# Transparent Roofing For Kit box?



## Kevin (May 13, 2009)

Would it be safe and okay if I install transparent roofing on my kit box?

Something like this?
http://www.iwilltry.org/b/wp-content/uploads/2008/07/800px-solar_heating_greenhouse_south_roof_6.jpg

If not I'll just use a regular one.


----------



## george simon (Feb 28, 2006)

*No*

*NO don't do it,If the birds get spooked they will try to escape and fly up against the transparent roof in an attempt to get away, this could lead to dead and injured birds.* GEORGE


----------



## birds+me=happy (May 21, 2009)

I think it will be fine. I don't know if George saw the picture, but those transparant roof pannels have very large groves in them. Pigeons arn't that smart but I think pigeons would try to escape through chicken-wire before they would try to go through this stuff. Besides, there's a couple of other member on PT that have used this transparant stuff.


----------



## Kevin (May 13, 2009)

Thanks for the help you guys.


----------



## george simon (Feb 28, 2006)

birds+me=happy said:


> I think it will be fine. I don't know if George saw the picture, but those transparant roof pannels have very large groves in them. Pigeons arn't that smart but I think pigeons would try to escape through chicken-wire before they would try to go through this stuff. Besides, there's a couple of other member on PT that have used this transparant stuff.
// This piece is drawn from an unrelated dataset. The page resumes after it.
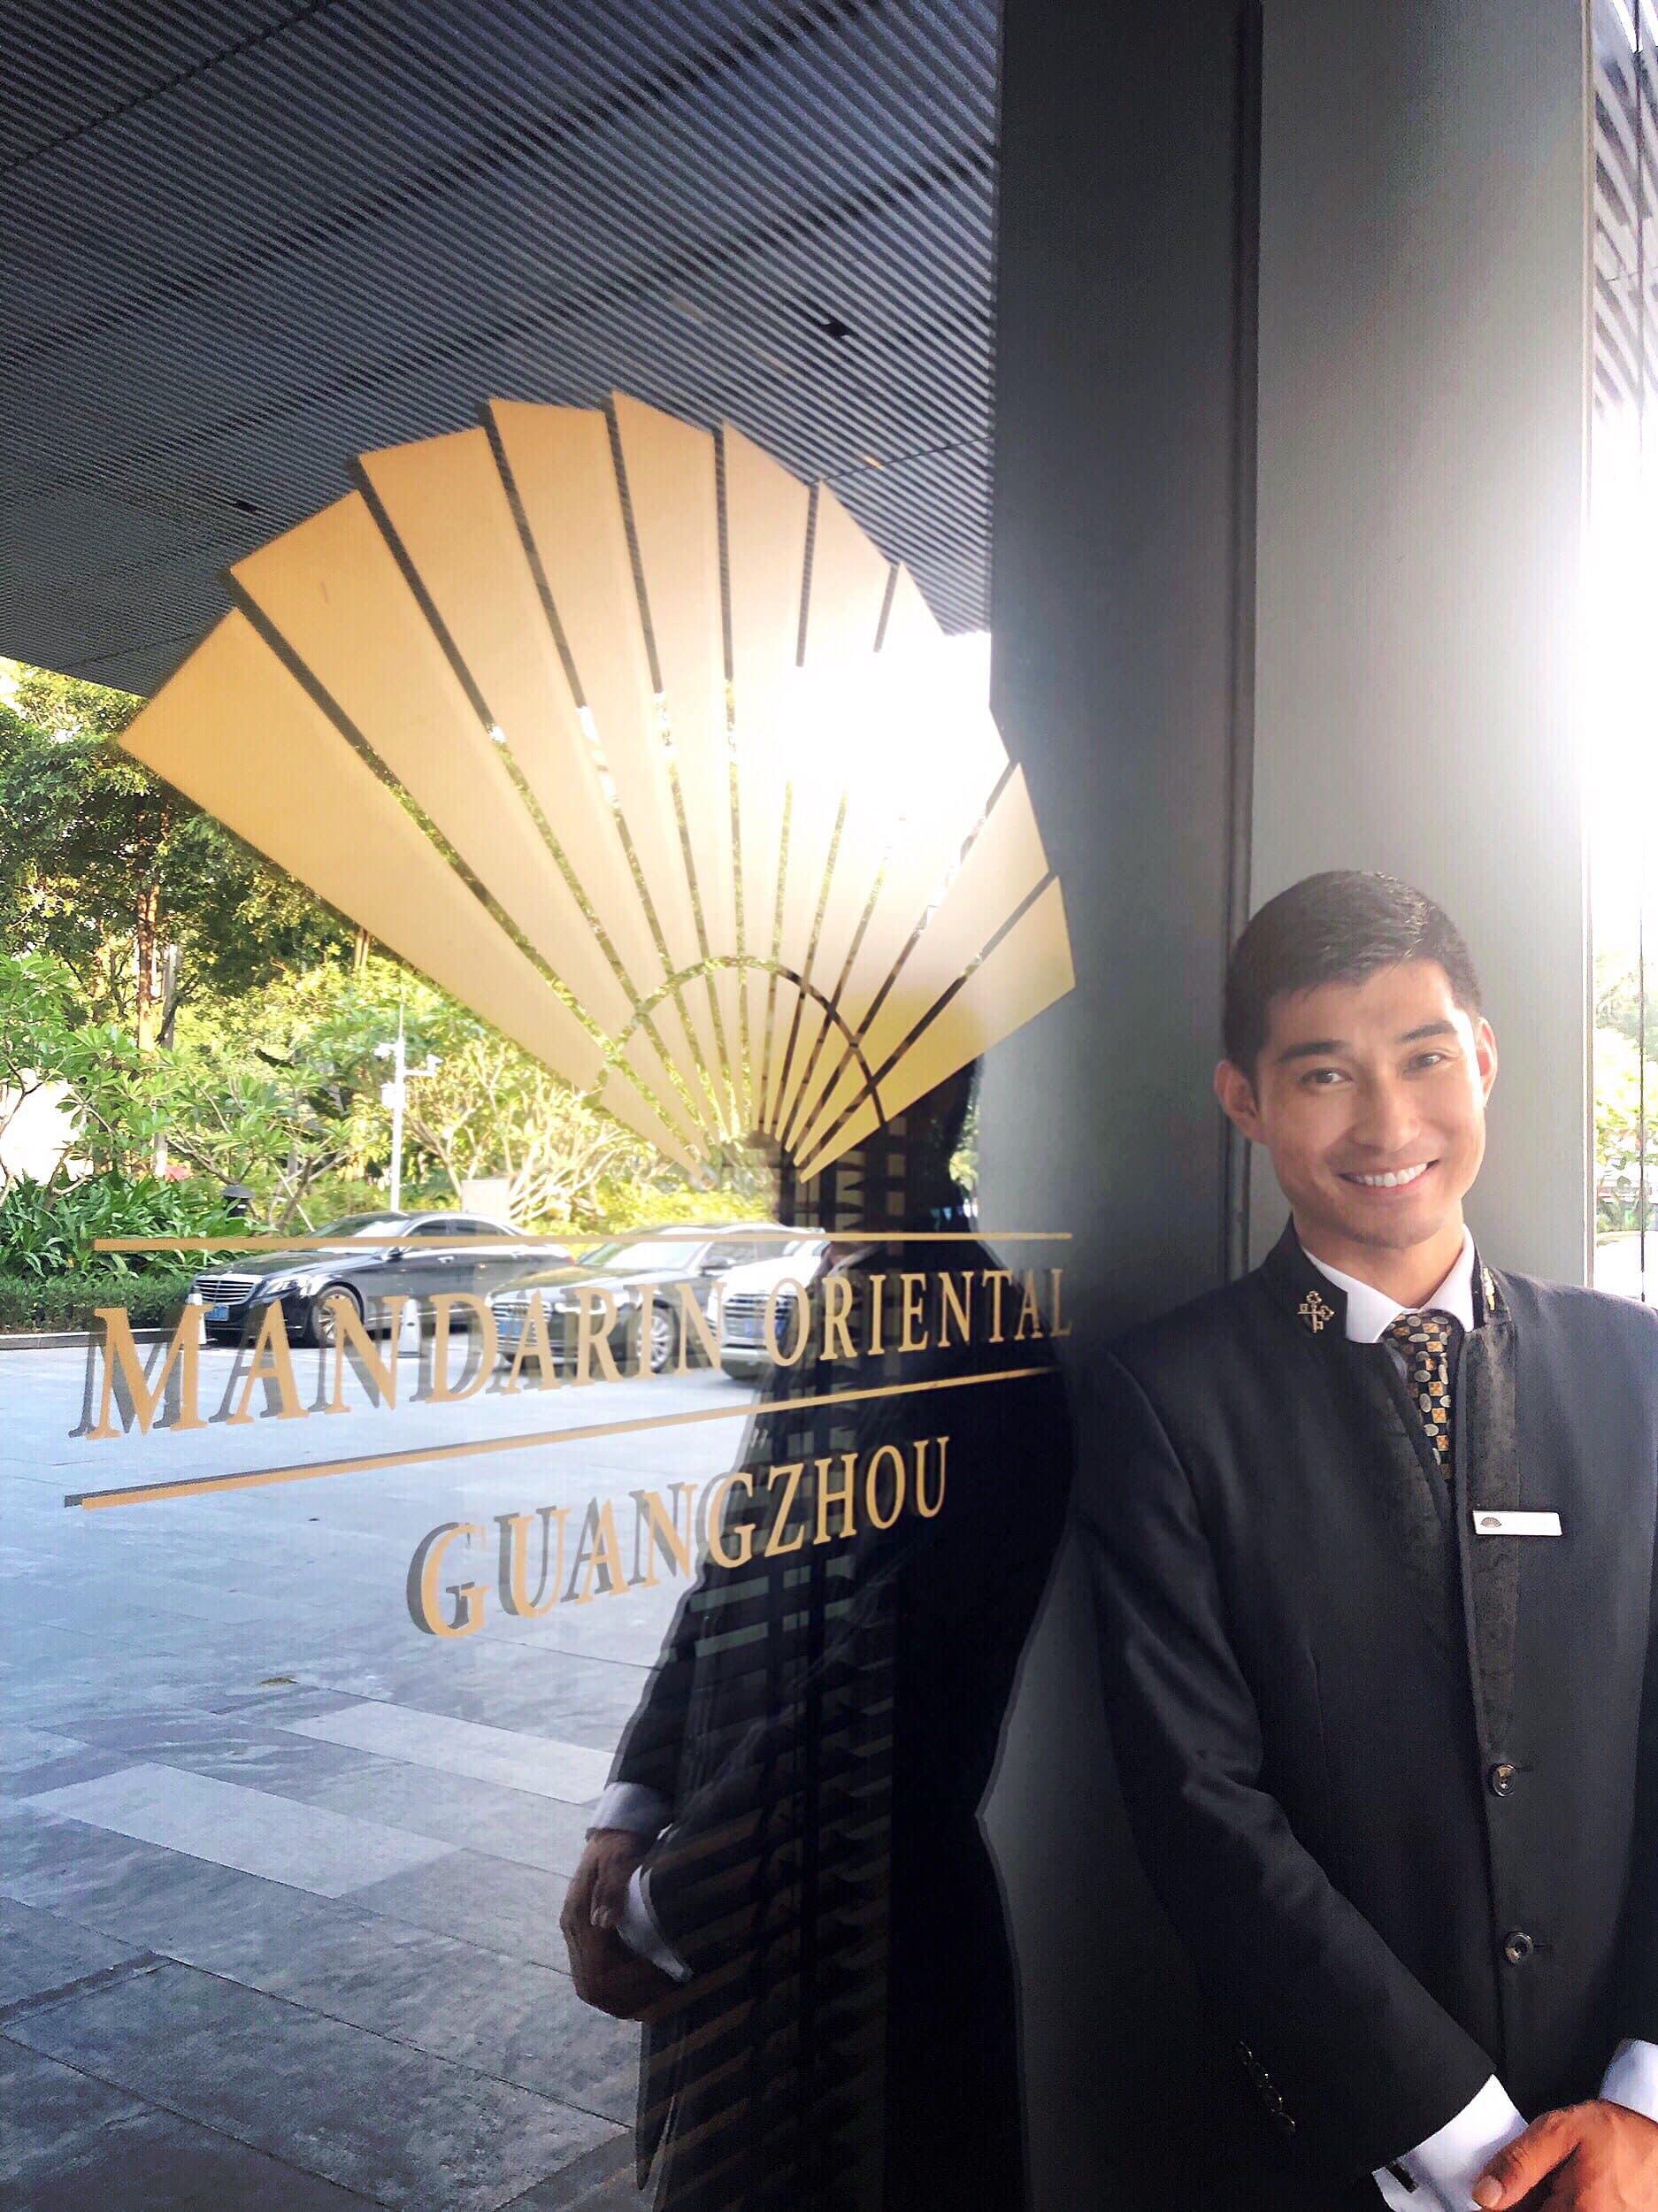 https://photos.mandarinoriental.com/is/image/MandarinOriental/dmo-mogzh-concierge
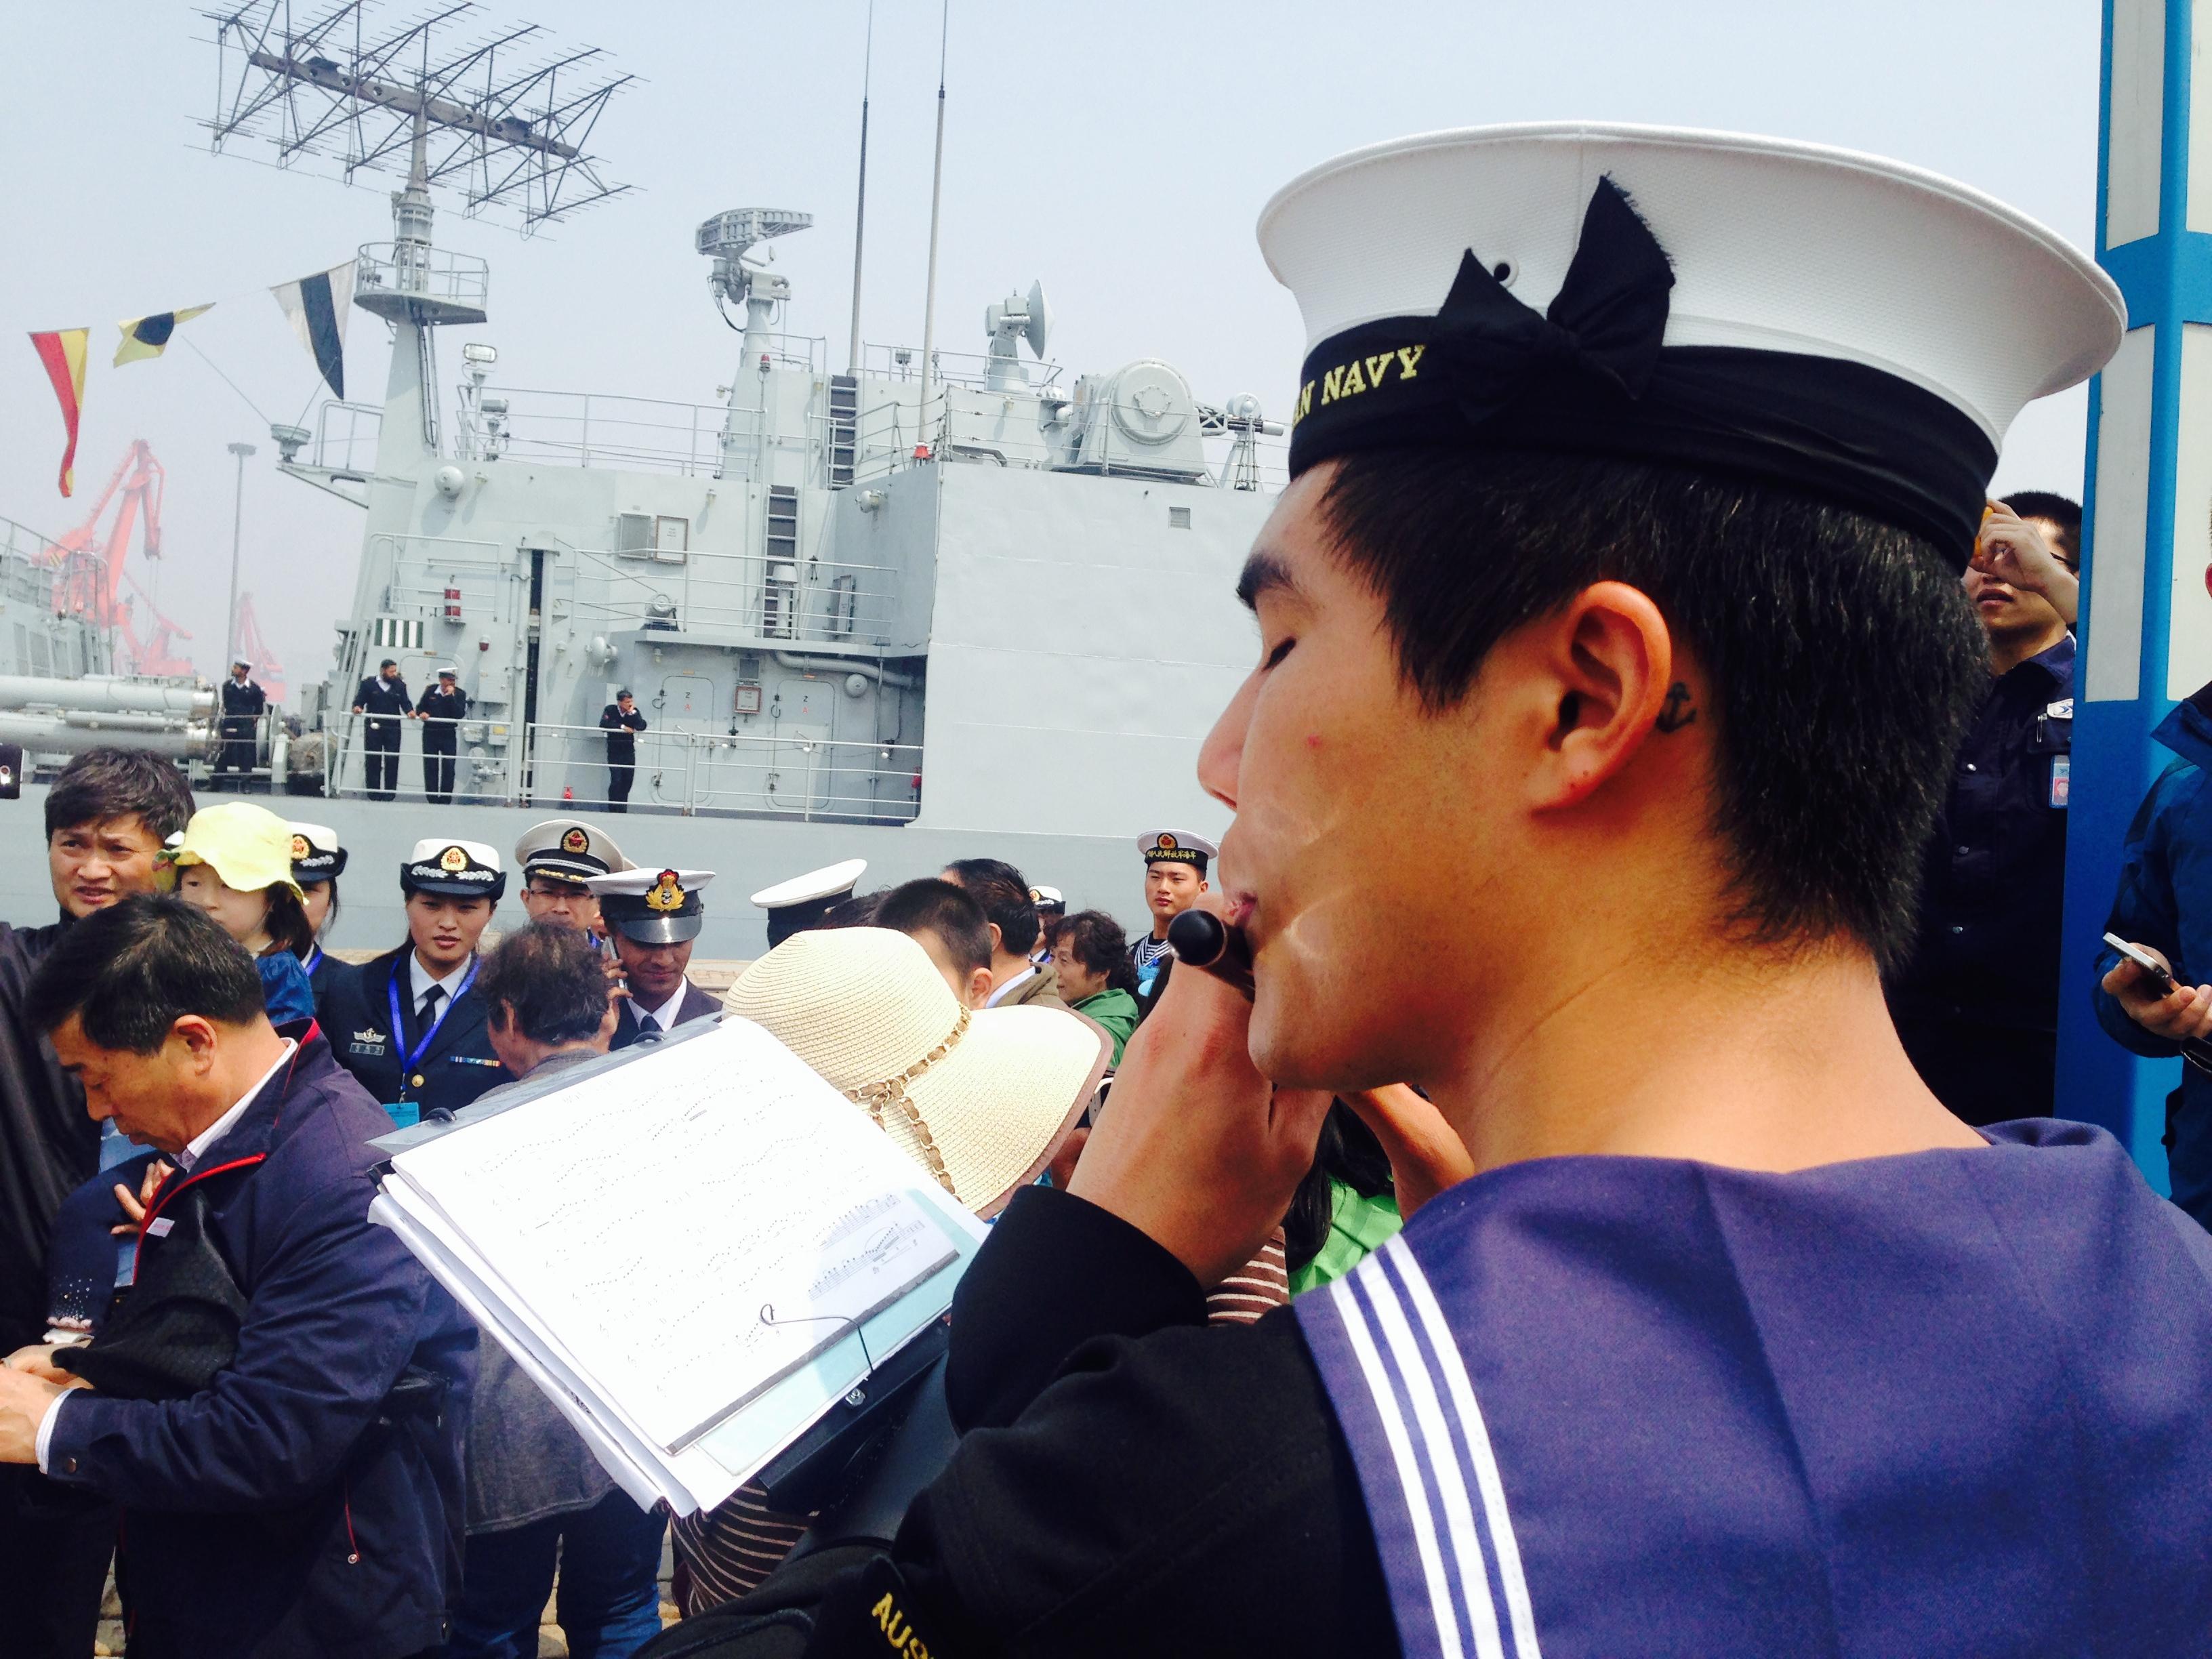 Western Pacific Naval Symposium

*Think about this if spooked pigeon will fly into a transparent house window I am sure that a spooked bird that is in the kit box will fly up thinking that is nothing but blue sky you see a pigeon does not see glass. i have had race birds trying to get away from a hawk hit the glass. *GEORGE


----------



## Kevin (May 13, 2009)

I think I have come to a conclusion not to make things so complicated for the birds. I'll just purchase a white corrugated roof.

Thanks George! I didn't know you lived in Cali, I have seen the birds you have sold/given to Rod, they're awesome! When I finish building my loft, maybe I can purchase a few birds from you. Something I can start with.


----------



## Jay3 (May 4, 2008)

That picture you showed us is labeled "solar heated greenhouse". It would be different if you were to use one small panel on the roof, but that much of the roof to be covered with that stuff would really heat things up in there. It would become too hot inside. How much were you planning to use?


----------



## Kevin (May 13, 2009)

I was planning to use it as the whole roof for my kit box, but like you said it really would be hot in there. I will just use the regular ones. I just want whats comfortable for the birds.

God Bless

Kevin


----------



## george simon (Feb 28, 2006)

*Hi KEVIN, Yes use the type that is colored and they can't see through.* GEORGE


----------



## Jay3 (May 4, 2008)

I think you'll be much happier with that. Keep us posted.


----------



## Kevin (May 13, 2009)

Will do, thanks!


----------